Dataset:
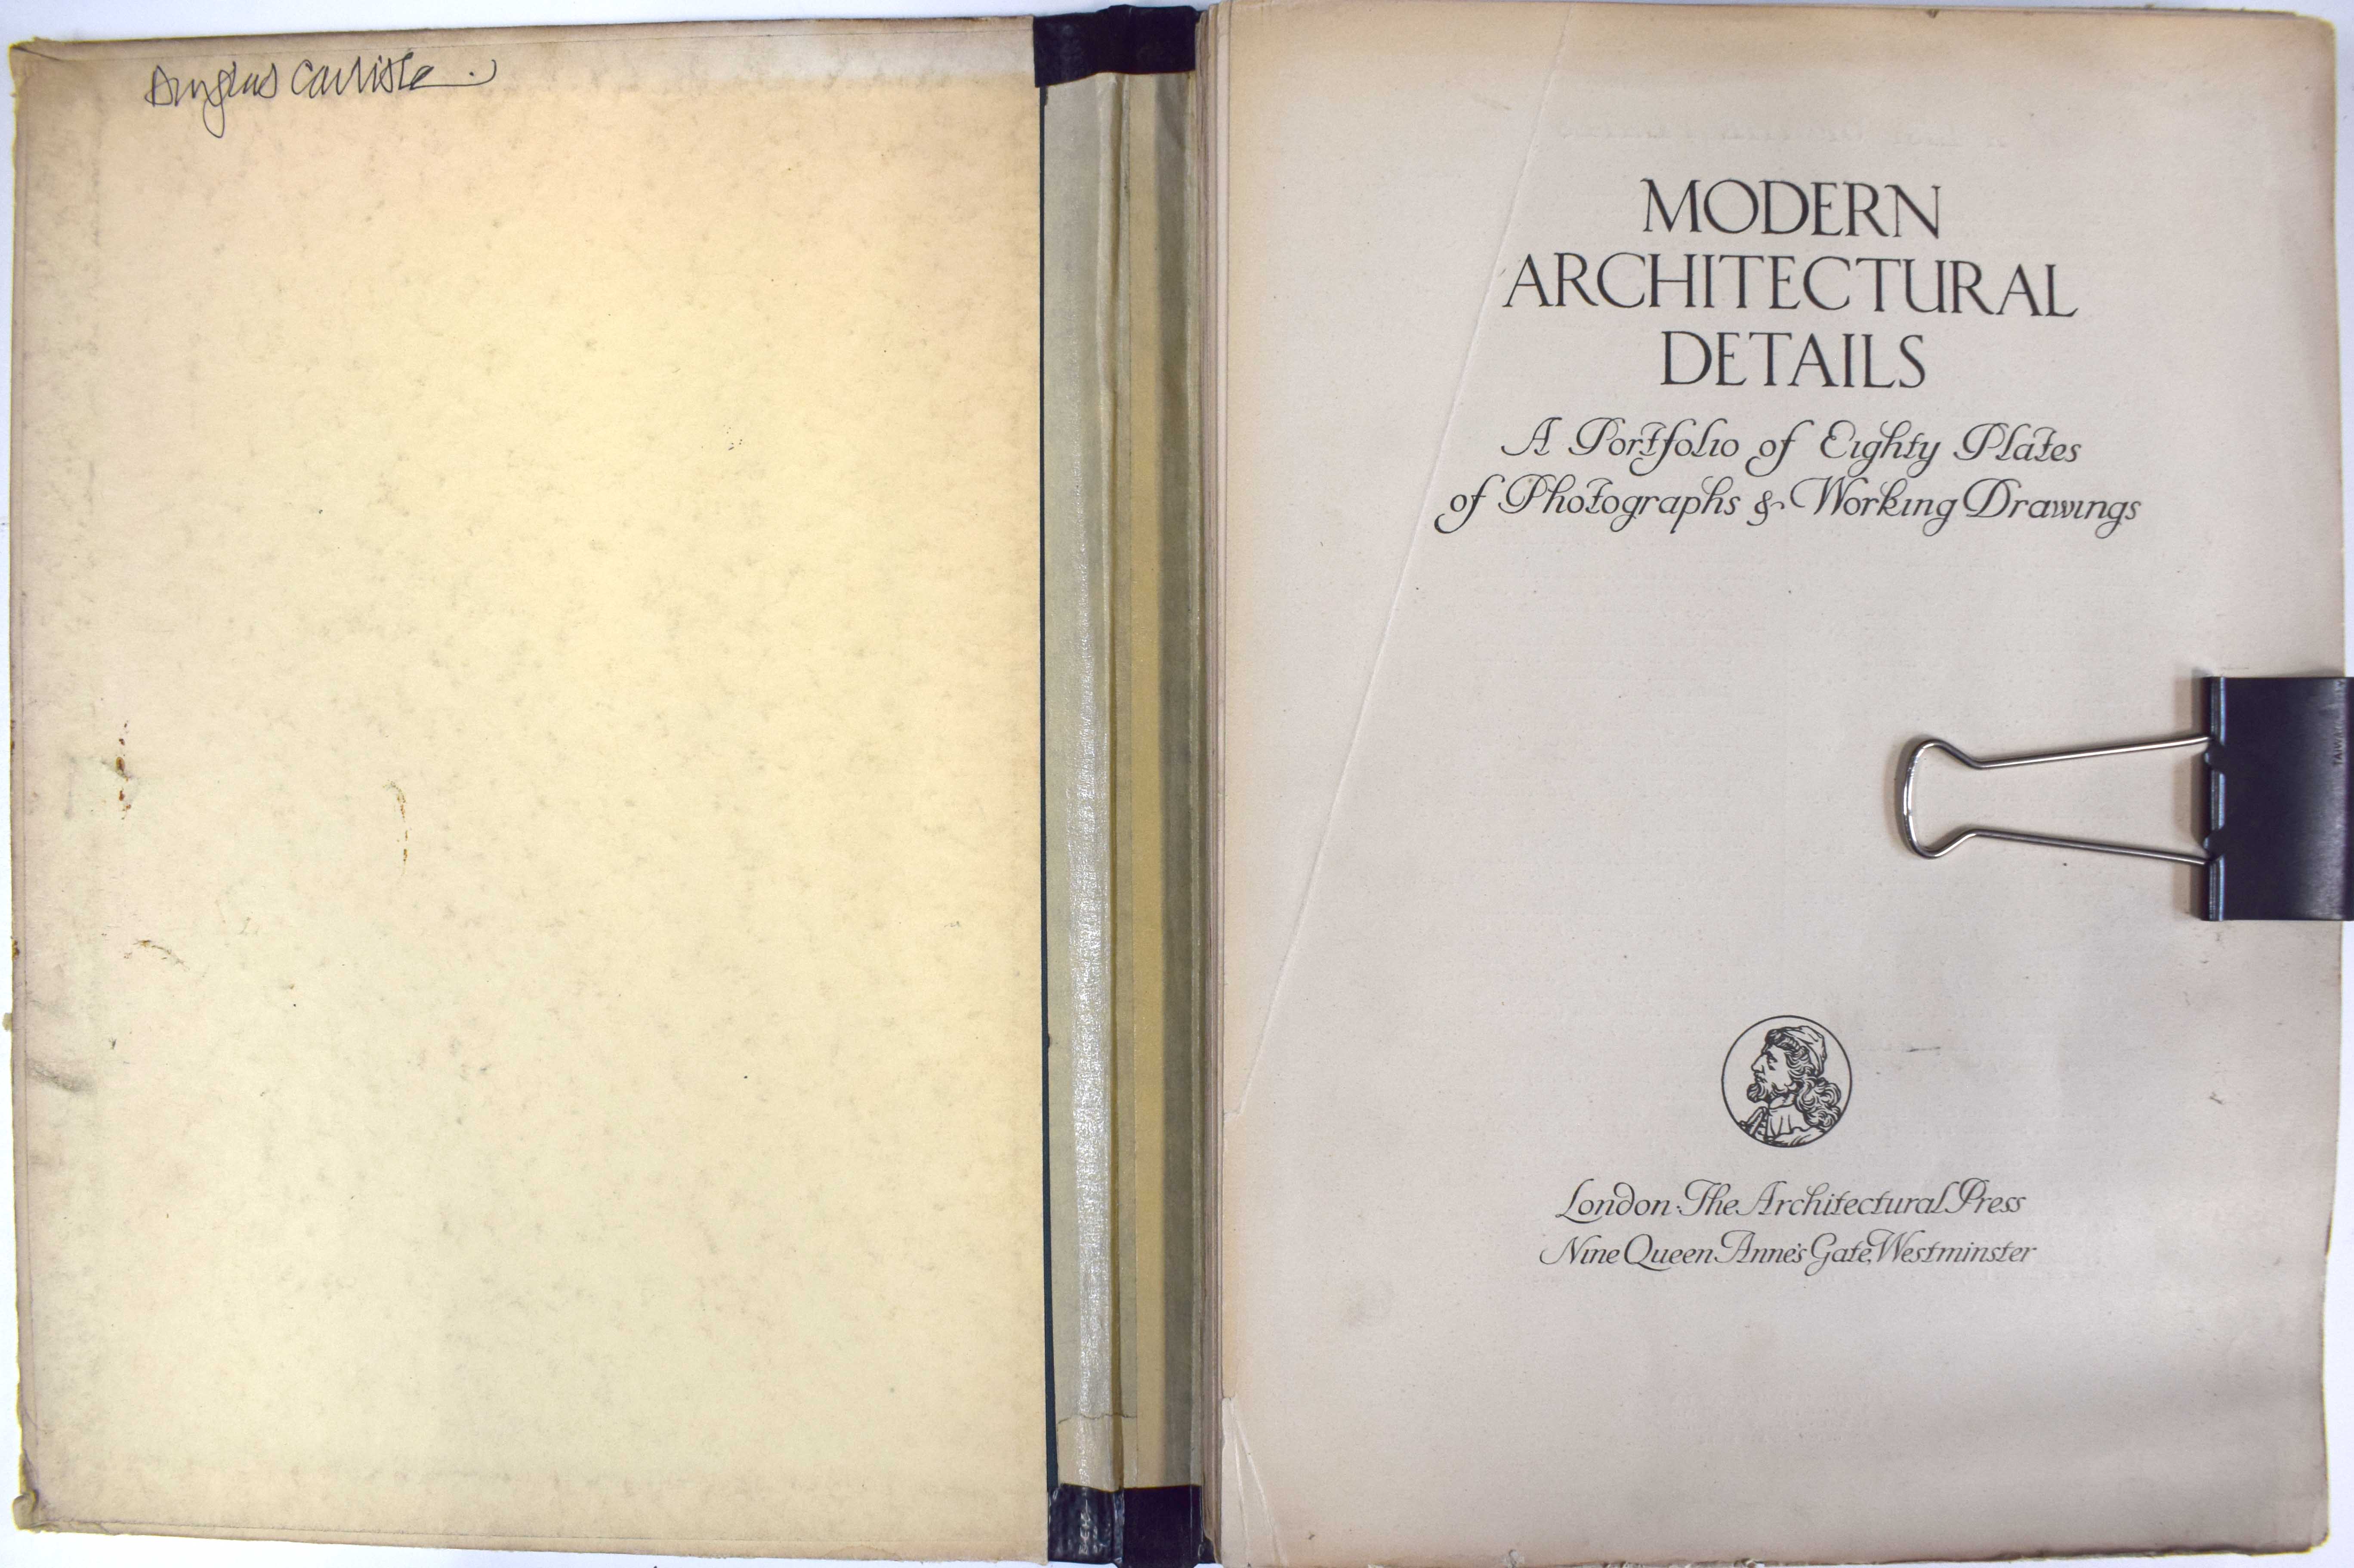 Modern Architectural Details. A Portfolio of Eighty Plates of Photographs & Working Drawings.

--

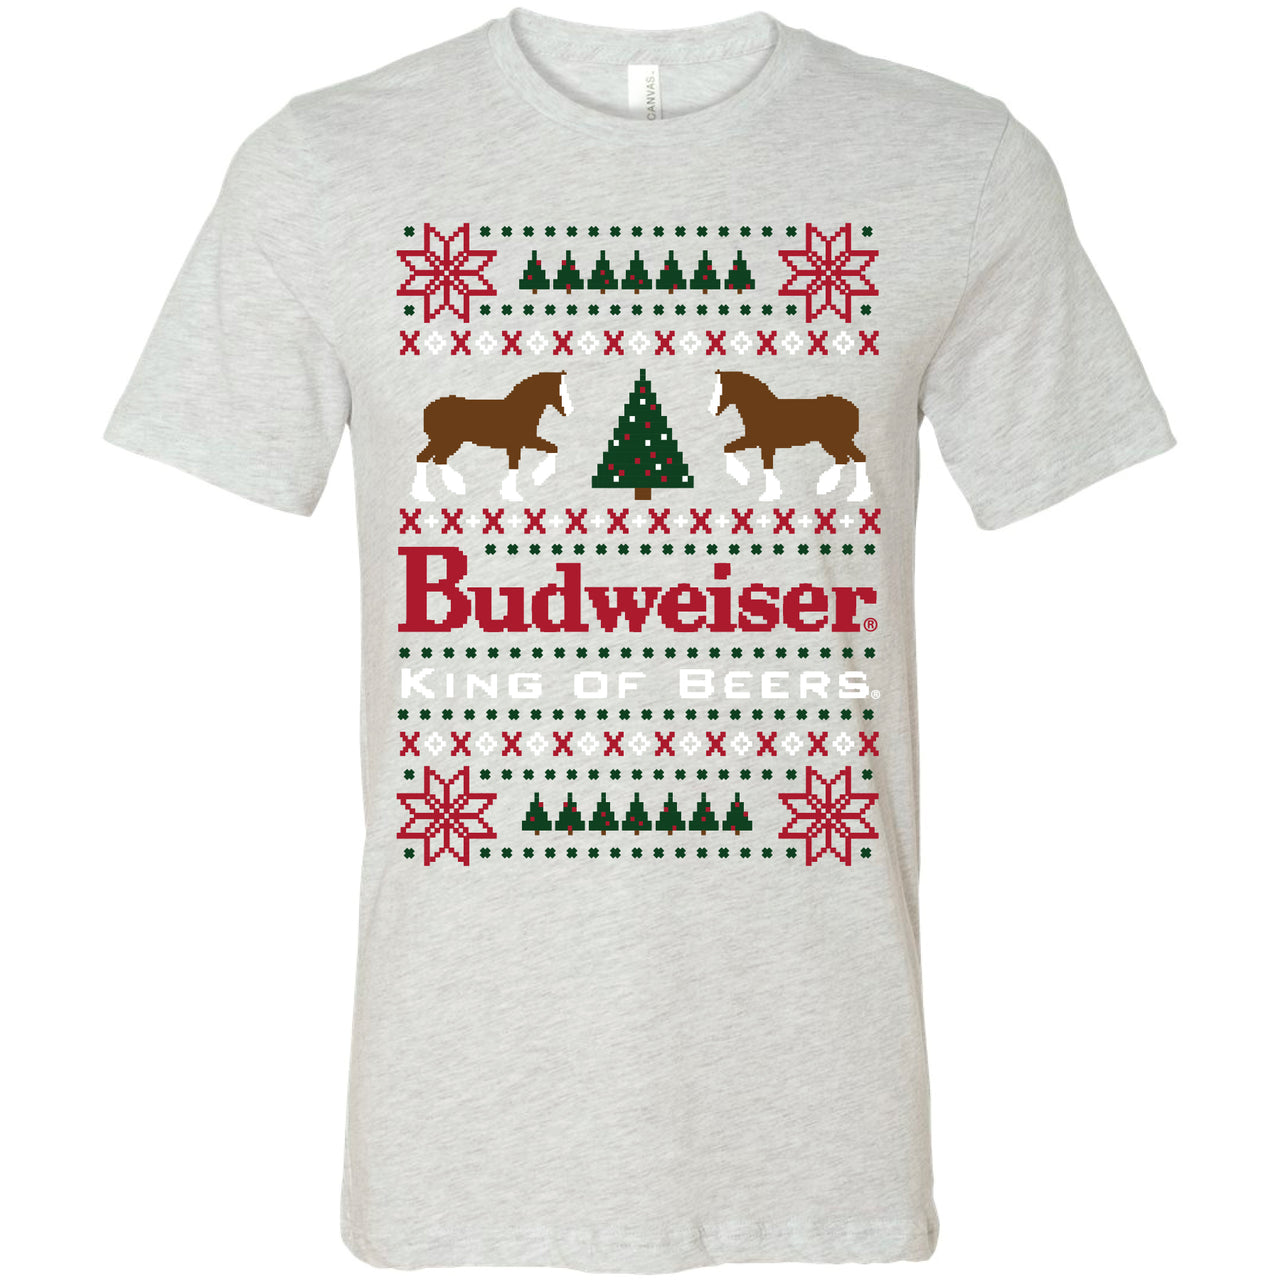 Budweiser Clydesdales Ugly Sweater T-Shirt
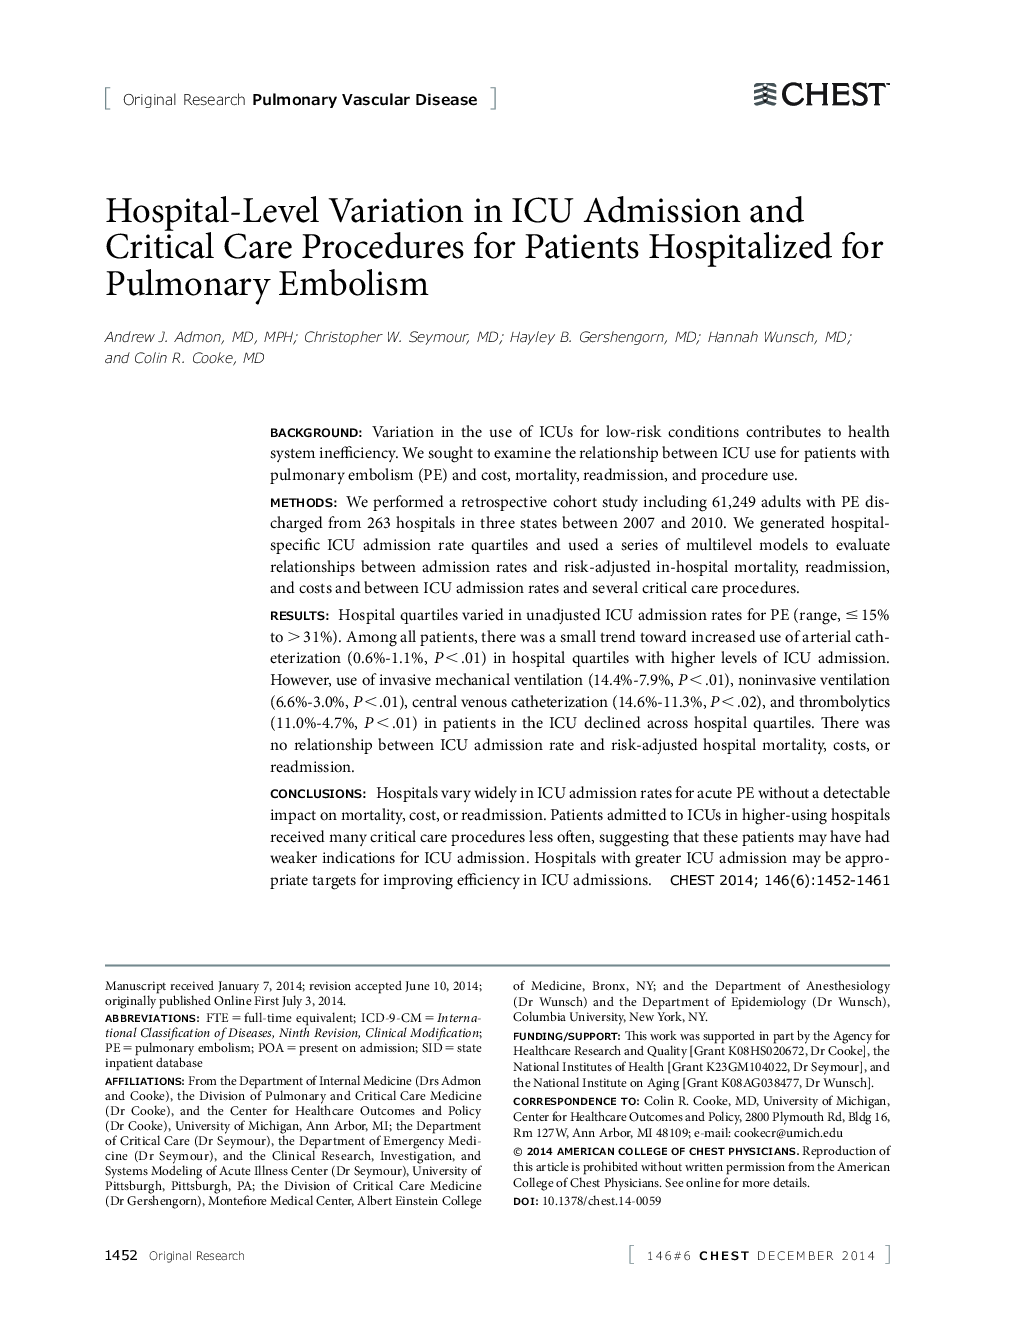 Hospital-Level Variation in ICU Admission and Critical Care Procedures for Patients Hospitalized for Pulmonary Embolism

Exercise objective: Starting with the line that has "Budweiser Clydesdales Ugly Sweater T-Shirt" and ending with the line that has "Hospital-Level Variation in", repeat the lines above exactly, omitting every picture.

Solved exercise:
 Budweiser Clydesdales Ugly Sweater T-Shirt
 Hospital-Level Variation in ICU Admission and Critical Care Procedures for Patients Hospitalized for Pulmonary Embolism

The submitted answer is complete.